Die kind is nie dood nie
The director and producers chose to make this an English language film - no doubt for practical and economic reasons - so the poems are translations. It would have been wonderful, certainly for a Dutch audience, to see and hear her words in Afrikaans, the language in which they were written. Afrikaans still uses the double negative. So “The child is not dead” is really “Die kind is nie dood nie”, which makes that denial of the child’s death all the more emphatic and powerful. That said, even in the English translation, her poems are an essential presence in the film, as they tie the fragile fragments of Jonker’s life together.
One of her books wins her a trip to Europe, which turns into a deeply disappointing experience, leading to a serious breakdown in France. Her father authorizes electro shock treatments for her, which rob her of her zest for life and her ability to write. With her only lifeline gone, she is swept into a downward spiral she cannot escape from and she finally ends her despair and her life in the pounding waves of the ocean near Cape Town.
Much of the film is shot in South Africa. The incredible beauty of the scenery is in stark contrast with the tumultuous political events of that era (1960’s), which in the film simmer right under the surface but do erupt at times as a reminder of the dark reality of the Apartheid regime.

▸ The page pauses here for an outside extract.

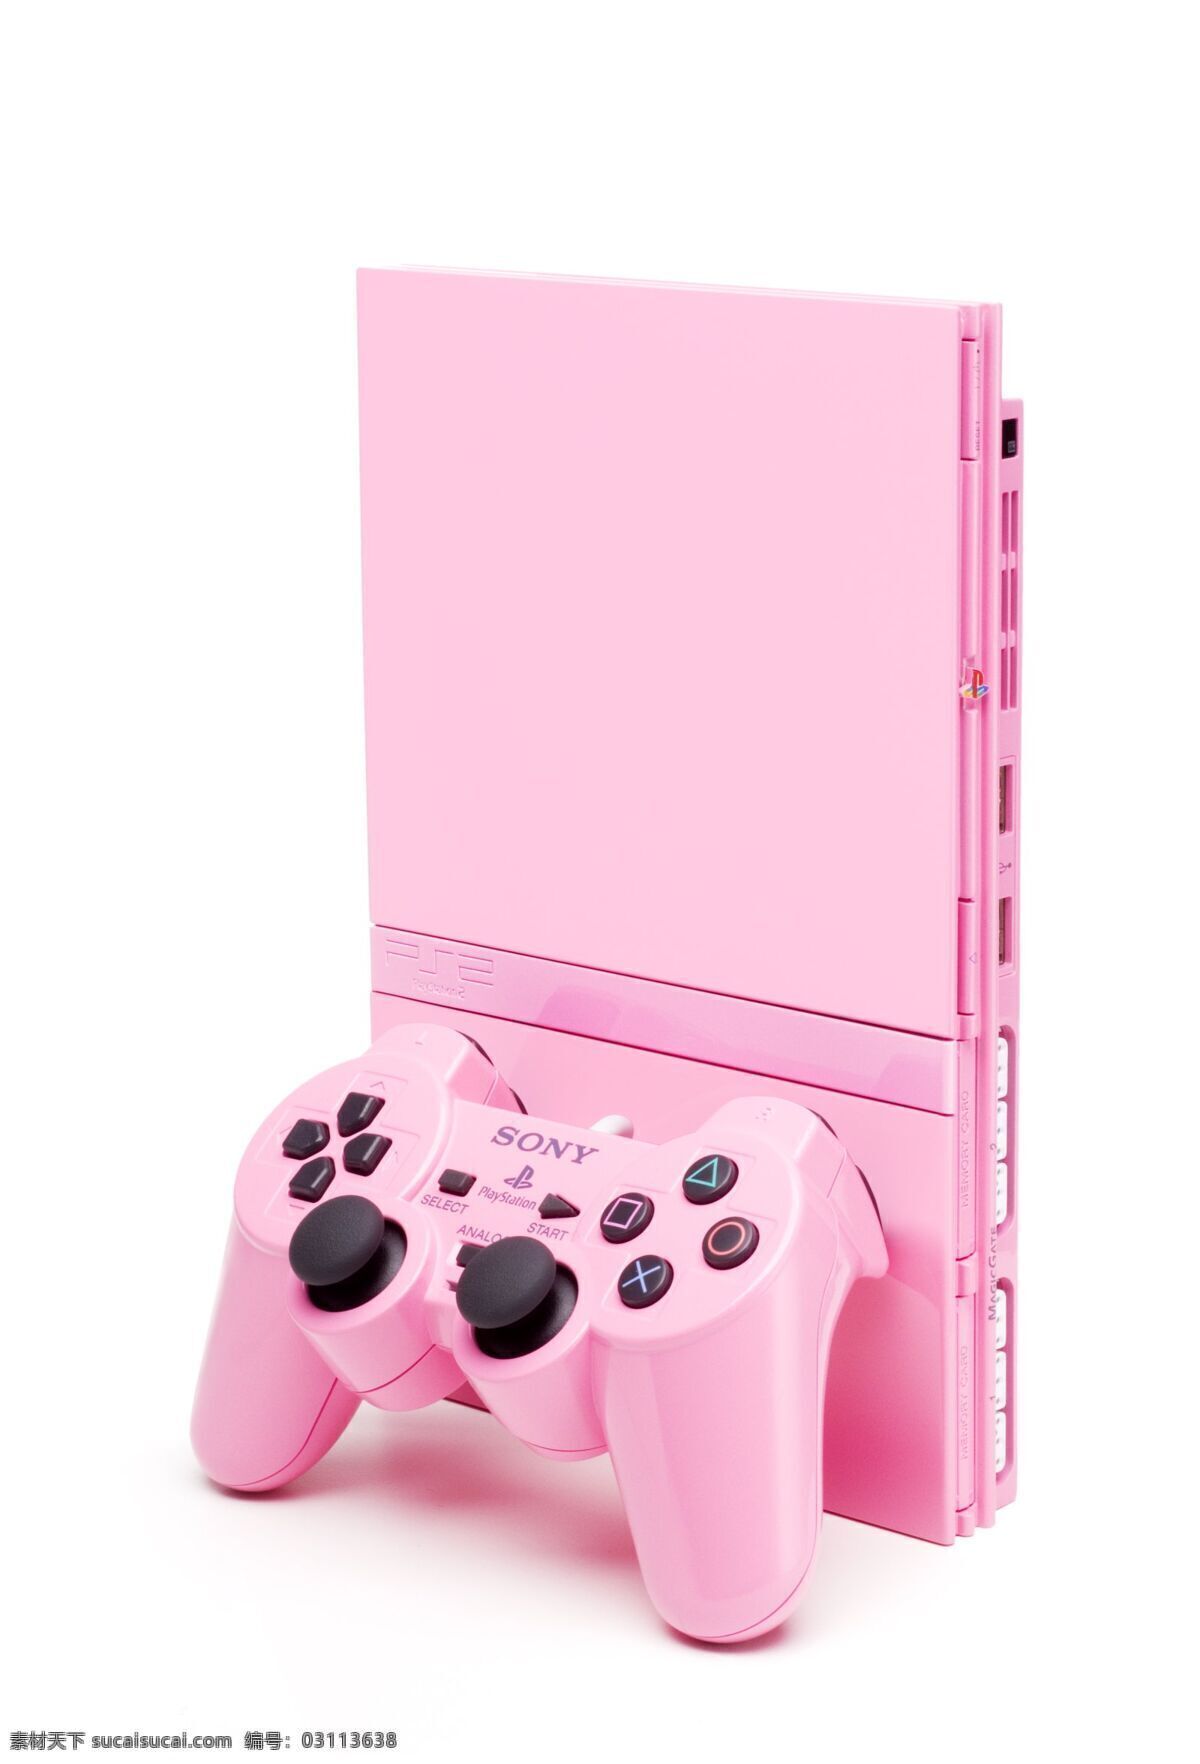 电子产品 粉色 奢侈品 生活百科 生活素材 时尚 游戏机 粉色游戏机 手柄 可爱游戏机 女人游戏机 一套 淘宝素材 其他淘宝素材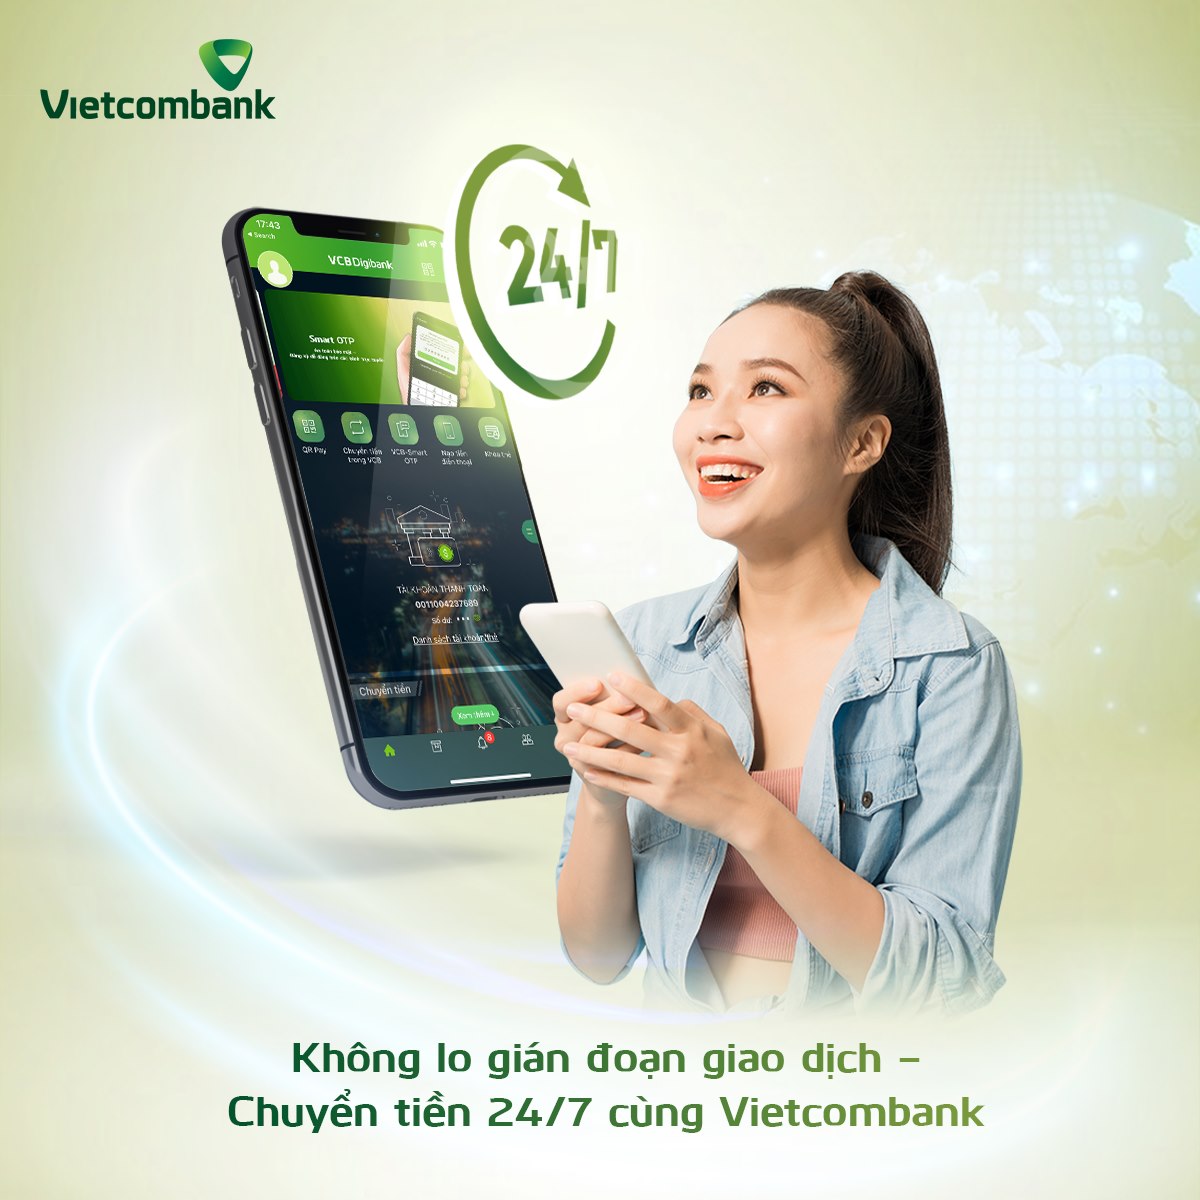 SMS Vietcombank còn nhiều tính năng hữu ích khác nhau

Ingrid Jonker’s love of the beach and the ocean is one of the leitmotifs in this film: carefree beach scenes alternate with shots of powerful waves crashing, churning, and pounding with overwhelming force on sand and rocks. They are a visual expression of Jonker’s inner turmoil, her uncontrollably contradictory emotions, which crash and churn inside her and ultimately lead to her self-destruction.
Black Butterflies is an engrossing film. It opened in Holland last month, but plans for a wider release are as yet unknown. It deserves to be seen. There is one last showing in the Tribeca Film Festival, tonight, Friday April 29, at 10.00 p.m. at the Clearview Chelsea Cinema, on 23rd Street, between 7th and 8th Avenues.